Supplementing With Smog
Nitric oxide damages the lungs and the brain.
Instead of supplementing with NO — like certain misled “experts” urge you to do — visit downtown Los Angeles and inhale deeply.
“Smog is distillate of disappointed starlets’ teardrops,” according to former KFWB DJ Bill Balance.
Oh, I forgot. Catalytic converters have been kind to the City of the Angels with Irritable Eyes.
Photochemical smog is a combination of nitric oxide (NO) and nitrogen dioxide (NO2) known as NOx (rhymes with “socks”).
Nitrogen dioxide also damages the lungs and brain.
NOx blanches the leaves of trees.
It corrodes rubber.
It fills the blood with oxygen, but it’s unusable.
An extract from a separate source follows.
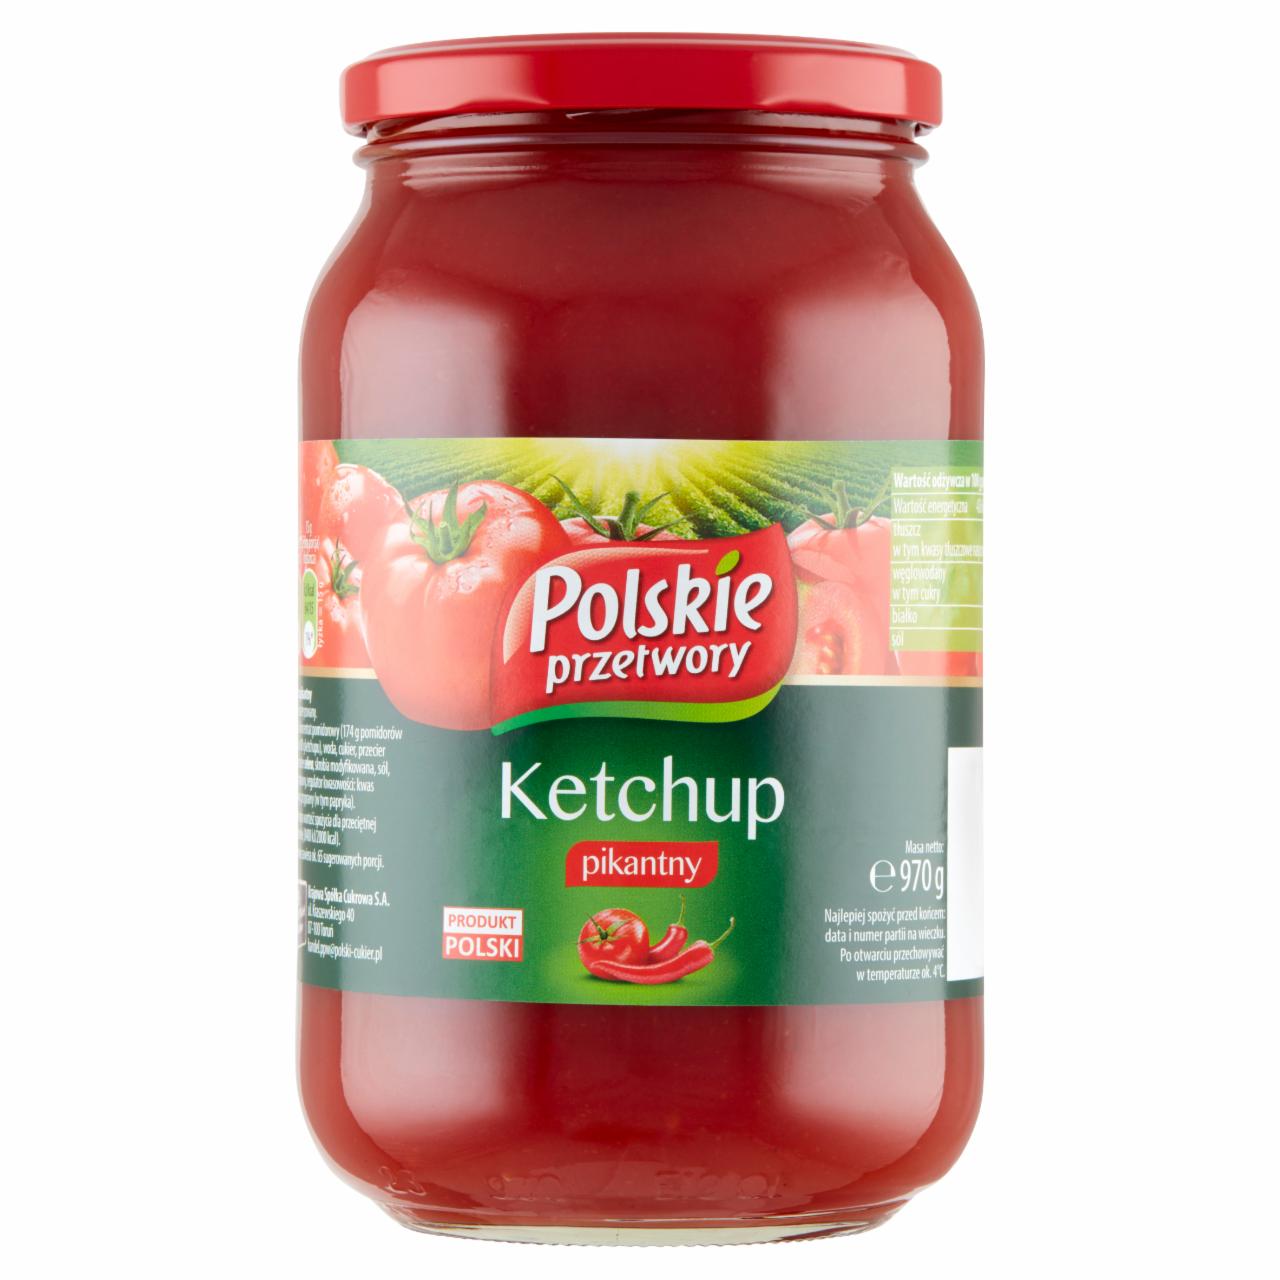 Zdjęcia - Polskie przetwory Ketchup pikantny 970 g
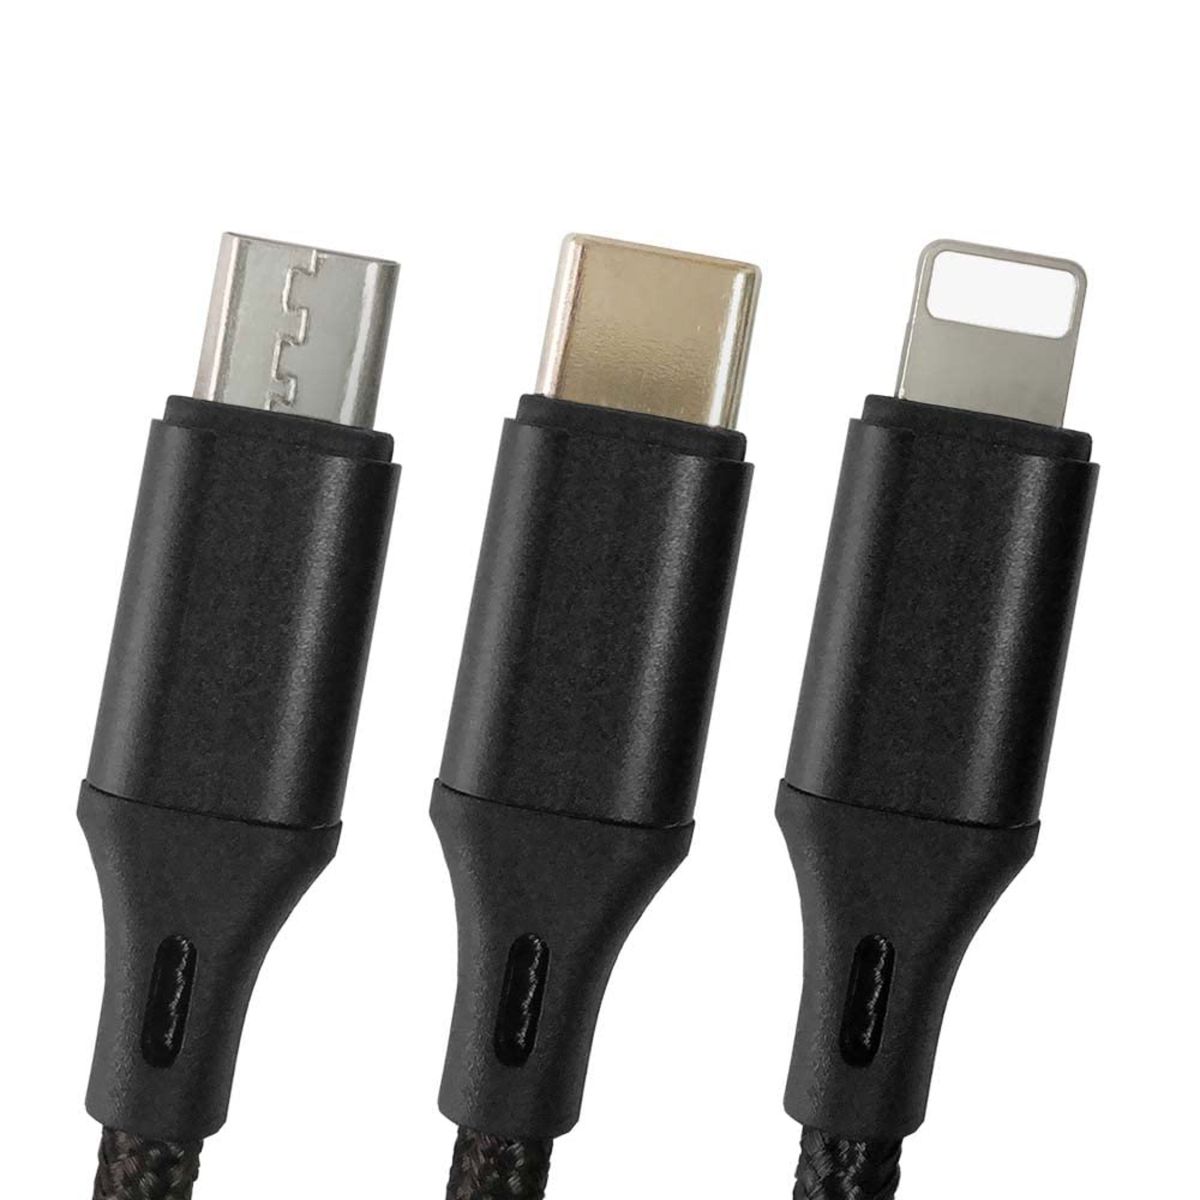 3台同時に充電 TypeC  3in1 超便利 USBケーブル USBケーブル 充電ケーブル

Well, Mr. Happy finds a use for it, but carbon dioxide is a higher and safer choice.
When I first moved to California, I went swimming at a public pool in Sun Valley, a suburb of L.A., and developed a sharp pain in my lungs.
“Something’s wrong with my lungs,” I told my tenth grade buddy.
“Oh, that’s just the smog. You’ll get used to it,” he said.
I never did.
According to Dr. Ray Peat …
“Nitric oxide, associated with unbalanced excitation, is involved in the nerve damage of epilepsy, amyotrophic lateral sclerosis, Parkinson’s disease, Alzheimer’s disease, and Huntington’s disease. An energy deficit increases excitation and cellular calcium uptake, increasing nitric oxide synthesis (Schulz, et aI., 1997). Nitric oxide increases the ratio of glutamate to GABA (‘the excitotoxicity index’), (Demchenko & Piantadosi, 2006), while lowering mitochondrial energy production.”